Have Babylon and Florence gotten closer to each other?
Thijs Peeters, Mount Consulting – October 2020
CRO’s are from Babylon, CFO’s are from Florence
That was the title of an article a global consulting firm published back in 2008. The article stressed the case for aligning risk and finance. The author acknowledged that different histories – the earliest records of risk management have been found in ancient Babylon, some time later the use of double-entry bookkeeping was originated by medieval Florentine merchants – and different strands of professional DNA mean that finance and risk have differing worldviews. The cultural diversity leads to different languages, ways of working, systems, data and processes. External forces – the credit crunch had just stepped into our lives – and internal drivers, such as reduced costs and better resource allocation, demanded strongly for some of the differences and distinctions to be resolved. Big gains could be achieved by aligning risk and finance.
How did the alignment go?
Where are we now, more than 12 years later. Are CFOs and CROs and their respective organizations, processes and systems fully aligned?
The forces and drivers mentioned in 2008 are still relevant. Additional ones have popped up in the last decade, through accounting standards like IFRS 9 and IFRS 17, regulations like Solvency II and Basel IV or reporting requirements in terms of FINREP and COREP. These were driven further along by activities like capital planning or stress testing, and a need for improved insight in performance and better decision making.
“Risk and finance are inextricably linked. Every financial decision should be colored by risk: it is a yin and a yang”, as quoted from one of the global banking CFOs.
So, alignment has matured? Founded properly by data integration and data management, consistent metrics, integrated business processes and IT systems, and interchangeable resources?
From our experience we can conclude that, grosso modo, all financial institutions made progress in a closer alignment between both functions. However, there is still a lot of room for improvement. For smaller organizations, this may be a less complex struggle compared to the large internationally organized enterprises, but a struggle nonetheless.
The need for alignment has been pushed from various angles. For sure reporting regulations and accounting standards have driven finance resources getting closer to their risk colleagues; IFRS 9 have shaken the finance function to better understanding risk driven numbers; FINREP and COREP for banks and Solvency II QRTs for insurers have forced better insights and reports. Growing irritation of senior executives obtaining different reports from various departments for similar metrics urged alignment from another angle.

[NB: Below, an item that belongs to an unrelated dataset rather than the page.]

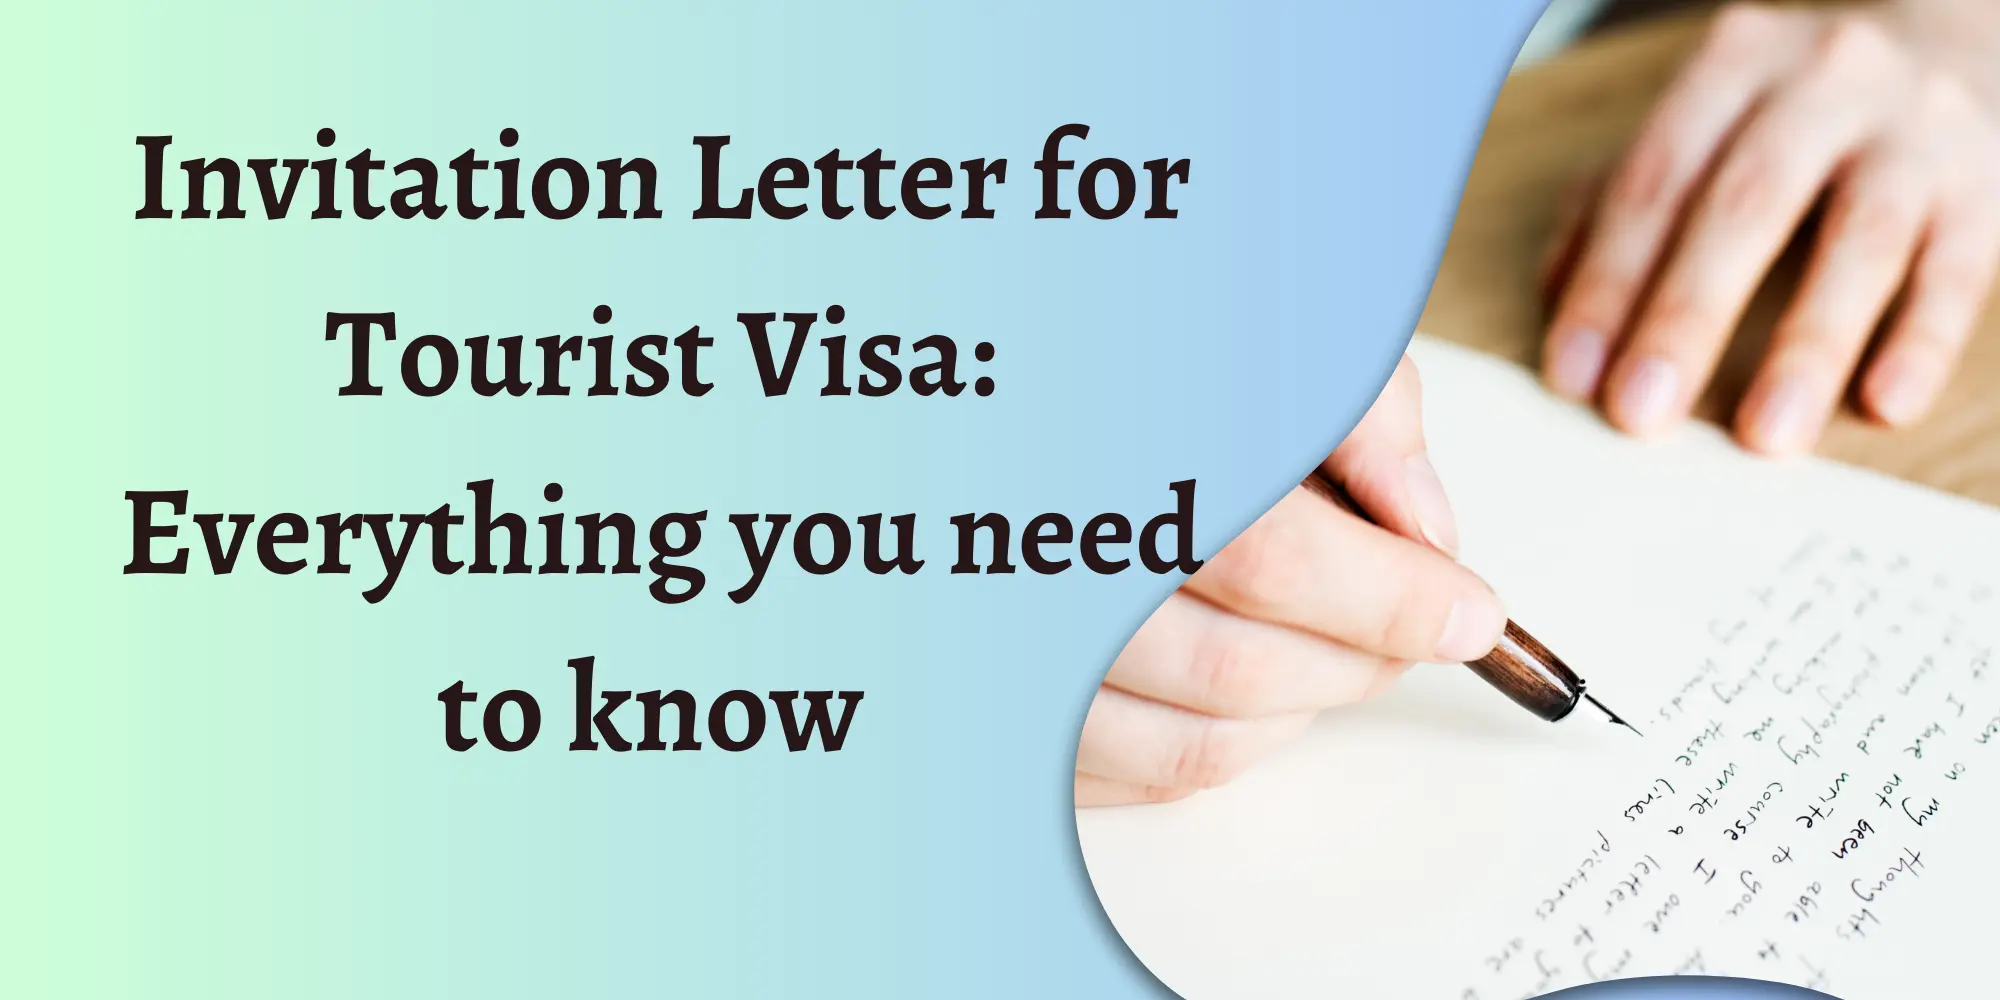 invitation letter for tourist visa Australia featured image post

Finance and Risk functions have been stimulated to invest in common views and mutual understanding of data used for both internal as well as external reporting and analytics. Initiatives for common data definitions and data lineage have popped up, and, for most institutions, are still going on. Nevertheless there are multiple cases which prove that there is still much work to be done: structural reconciliation errors in monthly reporting processes; internal, as well as, external reports that show different numbers for the same metrics – mainly caused by use of multiple definitions for one data attribute – as well as basically poor communication between the finance and the risk departments.
What is bothering?
A survey of the Economist back in 2011, already stressed that, although highly beneficial, the alignment exercise wasn’t expected to be a walk in the park. A main barrier for incorporating risk-based data into financial and performance management were poorly integrated systems.
Banks and insurers did start inquiring to build an aligned architecture with common understanding of business processes, data exchanges, and IT systems. We have seen several attempts that were mainly driven by the CFO domain, forced to fail as the CRO domain was not engaged from the start and never caught up. Which brings us the biggest barrier to the two functions working closely together: the primary focus of each is not the same, effecting cultural differences, and, finally, silo behavior. These sorts of attitudes show that a common data set, on its own, is not enough.
How to continue?
There is no alternative. The CFO and CFO have no other choice than strengthening the alignment. Internal as well as external demand on both functions – as referred to in our blog post from April 15, 2020 ‘ The future of finance and risk’ – will not diminish.
Overcoming the impediments to alignment requires the creation of structures for executive and employee interaction so that the two departments understand each other. Differences of focus and culture, however likely they are to occur, do not inevitably cause problems. They do, however, need addressing to ensure collaboration. CFOs and CROs need structures and processes that allow executives in each function to engage in an ongoing conversation so that they understand each other better and work together more efficiently. Subsequently, business processes can be recast in an effort to provide better access to information for internal decision-making, risk management, financial reporting and regulatory compliance.
We are noticing a second wave of finance and risk architecture projects, the goal of which is a single, unified view, drawing on all finance and risk data. Lessons learned from the first wave have been addressed. This time all stakeholders (CRO, CRO, COO, CIO) must be involved from the start, all aiming for a unified, broad based, and transparent exercise towards a better aligned future for finance and risk.